Of all of these, the craigslist ads that he posted seeking the attention of couples and or males worry me the most. It appears as though every time he's gone out of town for work in the past 5 years at least, he's sought out people in the city he was visiting. Again he says it's because he needs affection and attention. Says he only wants it from me, but he gets desperate. 

I just don't understand. If he loves me and wants only me, then why not seek out women that look like me. Why men? I just don't think I believe it. While I'm not a great communicator, I am pretty accepting and love the people I love for who they are. I think if he had come to me and said, hey, I have these fantasies, what do you think? I might have been able to be ok with trying whatever. But the fact that he went around me intentionally at every opportunity to seek out others ...it makes me wonder if he really wants to be married to me or if it's just the idea of being married that he likes. Like maybe he wants a wife and family because that's what he's supposed to do. Idk. 

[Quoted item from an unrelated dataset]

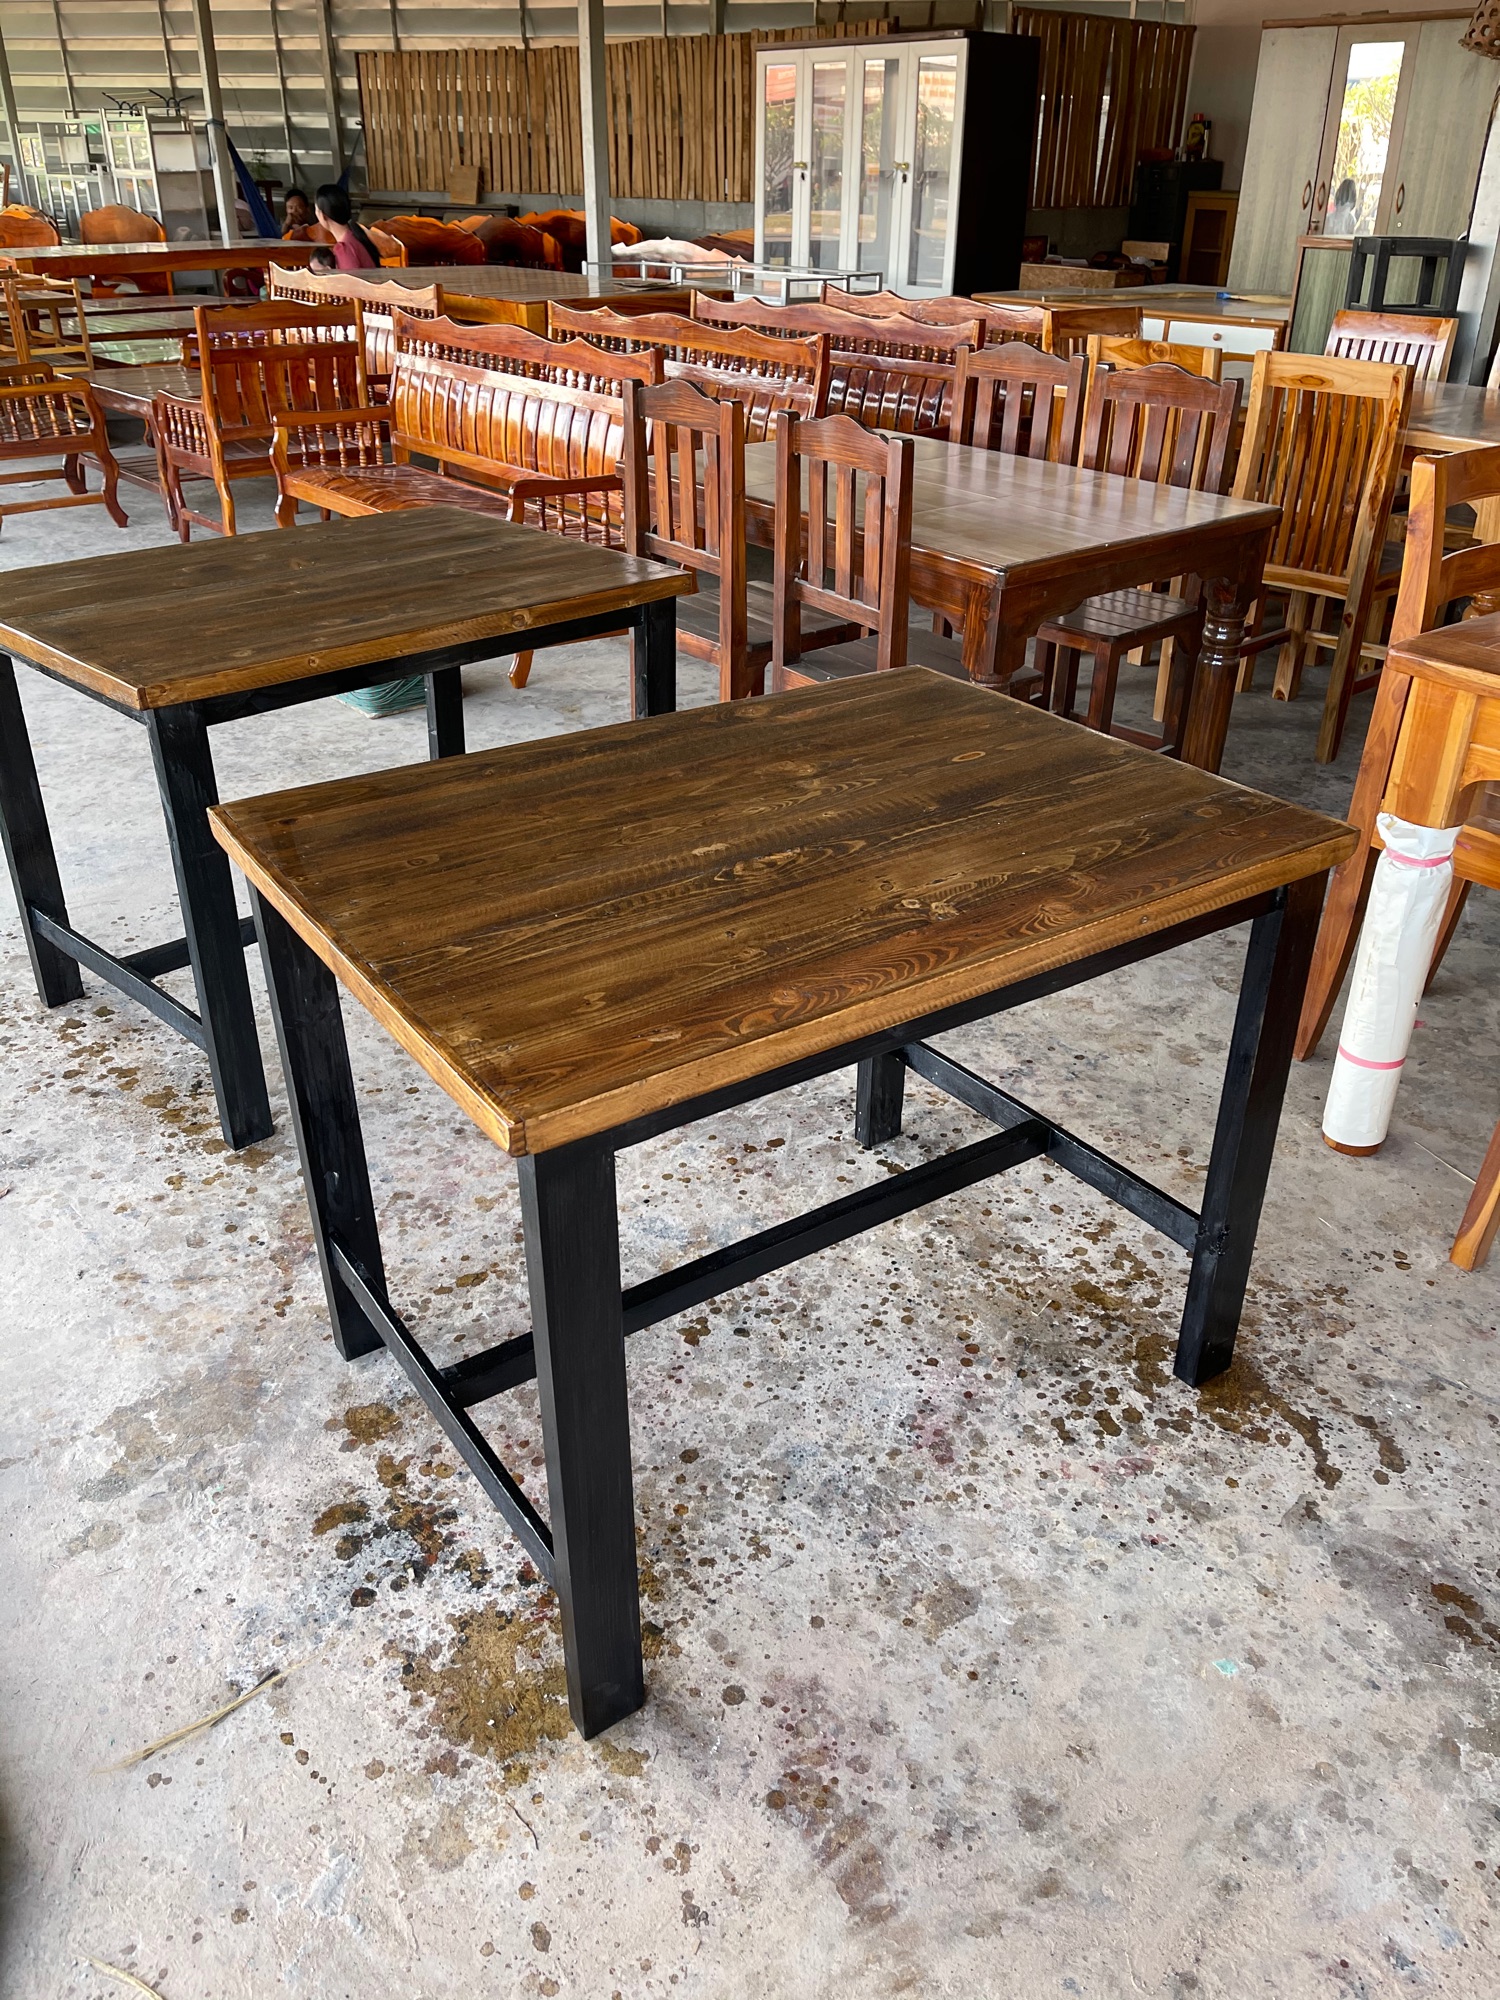 โต๊ะไม้พาเลท (เฉพาะโต๊ะ) งานขาไม้ทาสีดำ ขนาด 75*100*75 ซม.

I love him. I want to believe that it was just a stupid thing he did when he felt lonely or whatever. But some of these times he was out of town were during some really good times for us. So I thought. Thank you for listening. We will be going to therapy this week. I'm just not sure it'll do any good, or if I can even trust him again. Oh, and he says he never actually met anyone...but I don't believe that either. Any advice is welcomed.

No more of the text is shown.